To record the album, Earth, Wind & Fire returned to Remobou Ranch distant from Colorado, where the group had produced “Open Our Oyes” from 1974 (and where Elton John cut the “Caribou” of the same year). “It was like a winter wonderland”, Dunn said Red Bull Music Academy of the studio comfortably fitted out in the Rocky Mountains. “There were brass beds in the rooms and very expensive bear carpets on the floor.”

This time, however, Maurice White raised his friend Charles Stepney, whom he had known since the days of chess and who had worked on “opening his eyes”, with a role of co -producer; Bailey, Johnson and Verdine White all agree that Stepney pushed the group to a new level of creativity – and a new level of diligence. Stepney was “definitely the father of our group,” says Bailey in the 2001 documentary “Shining Stars”; The group's goal was so intense, the singer said to Times, that he had trouble dealing with the loss of his mother, who died during the recording process.

“I didn't really take the time to cry until about a year later,” said Bailey, “when I was on a plane and everything fell on me.”

“That's the way of the world” accompanied a film of the same title directed by Sig Shore (which had produced “Super Fly” from 1972) and with Harvey Keitel as record manager of success research. Or at least, it was intended to accompany the film, which also presented the members of EWF to Sccreen: having felt that the film could not form like a classic, Maurice White pushed to release the album of the months before the film in the first in theaters; He also hid the words “soundtrack of the soundtrack” in small characters on the rear cover of the album.

“I thought it was quite smooth,” said Johnson, laughing.
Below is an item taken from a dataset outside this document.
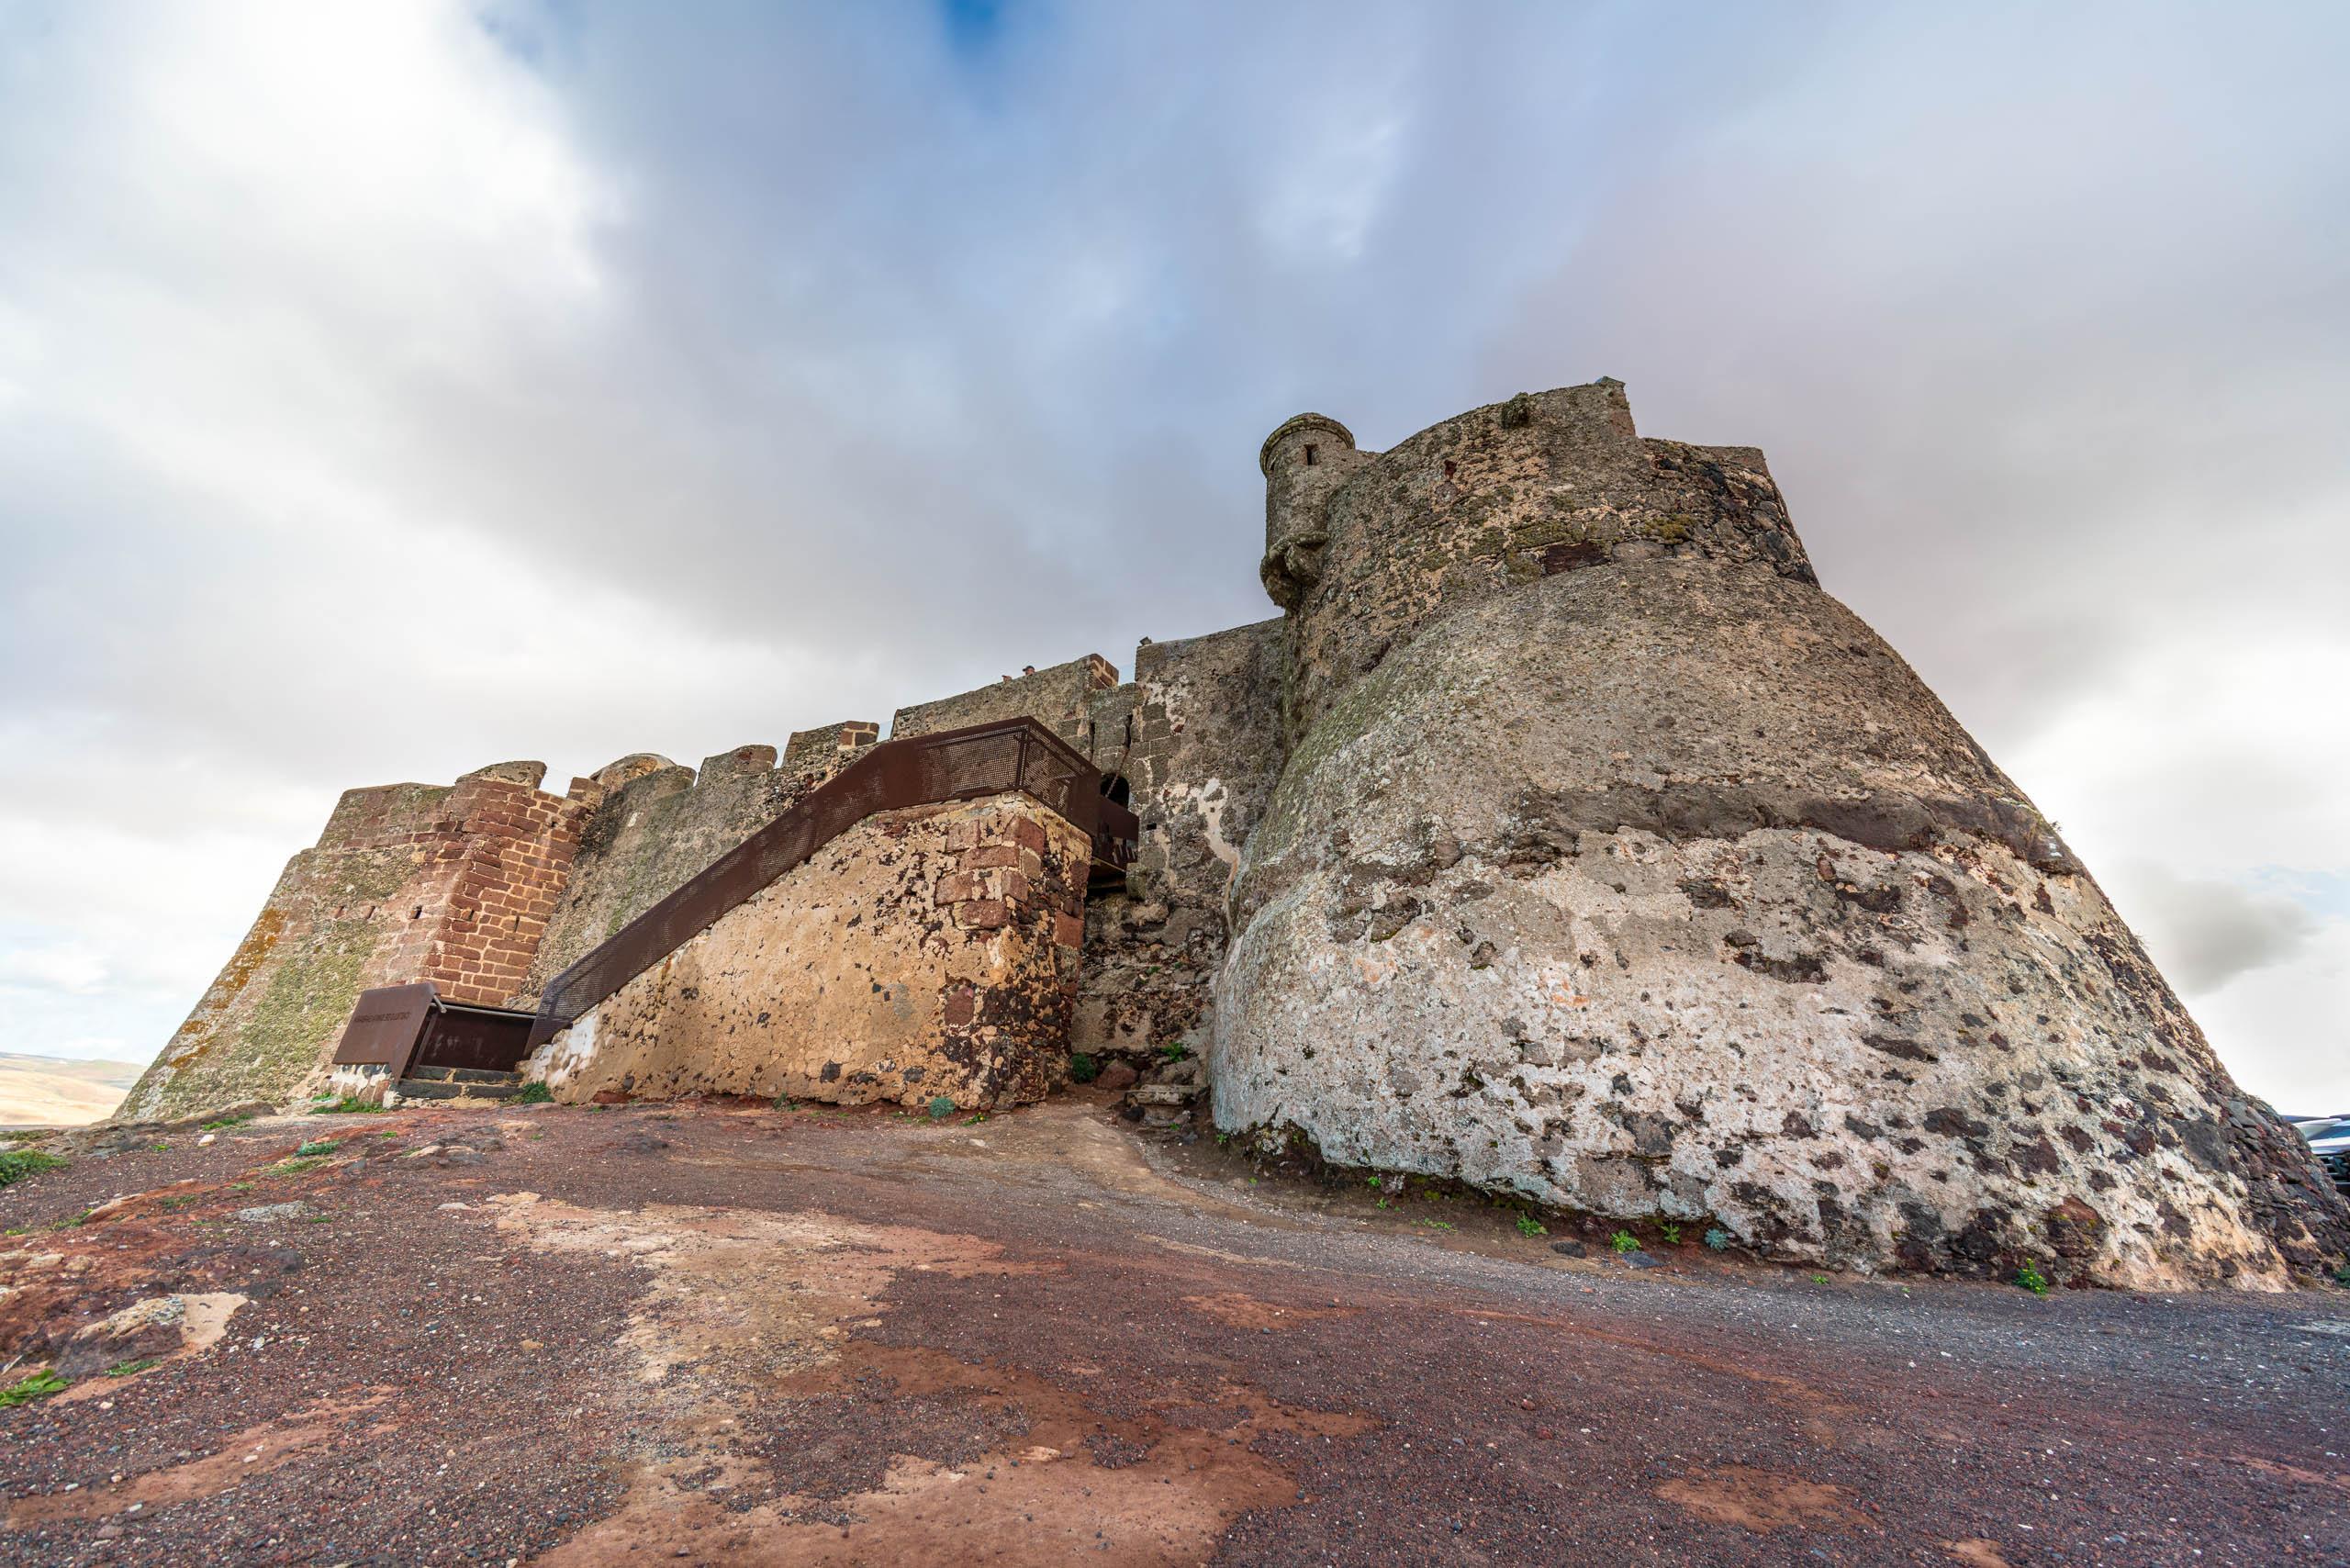 Castillo de Santa Barbara | f/8 1/250sec ISO-100 12mm  | ILCE-7RM3 | 2019-01-27 12:20:35

Maurice White and Philip Bailey from Earth, Wind & Fire occurred on stage in 1977

Maurice White, on the left, and Philip Bailey on stage in 1977.

(Michael Putland / Getty Images)

The LP was an immediate success, even in a field as crowded as R&B was in the mid -1970s. (As the story says, “Shining Star” inspired Stevie Wonder to write “I wish“From 1976,” Songs in the Key of Life “.) The King of the USC says that” It is the way of the world “represents a maximum achievement of funk” open and assimilationist “which defined the era through demographic groups even if they were intimately talking to the life of blacks sailing in America following the fight for civil rights.

“It's not closed music,” says King. “There is something in which everyone can find their way, and I think that is part of the reason why it lasted as long as.” Although Earth, Wind & Fire was interrupted in 1984, the sound of “reasons” resonated through prince “Worship“In 1987; Kravitz paid tribute as loving to the title song of the album in his “It's not over until it is finished», From 1991, that someone on YouTube made a seamless mashup of the two songs.

“The first time I heard his air,” said a smiling white verdine, “I said:” Ok, Lenny. “”

“Shining Star” was sampled by dozens of hip-hop acts, including MC Lyte and the roots; In 2004, the registration academy inducted “it is the way to the world” at the Grammy Hall of Fame. And this summer, you are almost sure to hear several of the album cuts when the EWF plays the fireworks of July fourth on three nights at the Hollywood Bowl.

However, to hear Kravitz say, even these applause does not honor the group properly he attributes for having played “a huge role in my education” starting with this show five decades ago at the Forum. “They are like the Beatles for me,” he says. “There will never be other land, wind and fire – nothing closer.”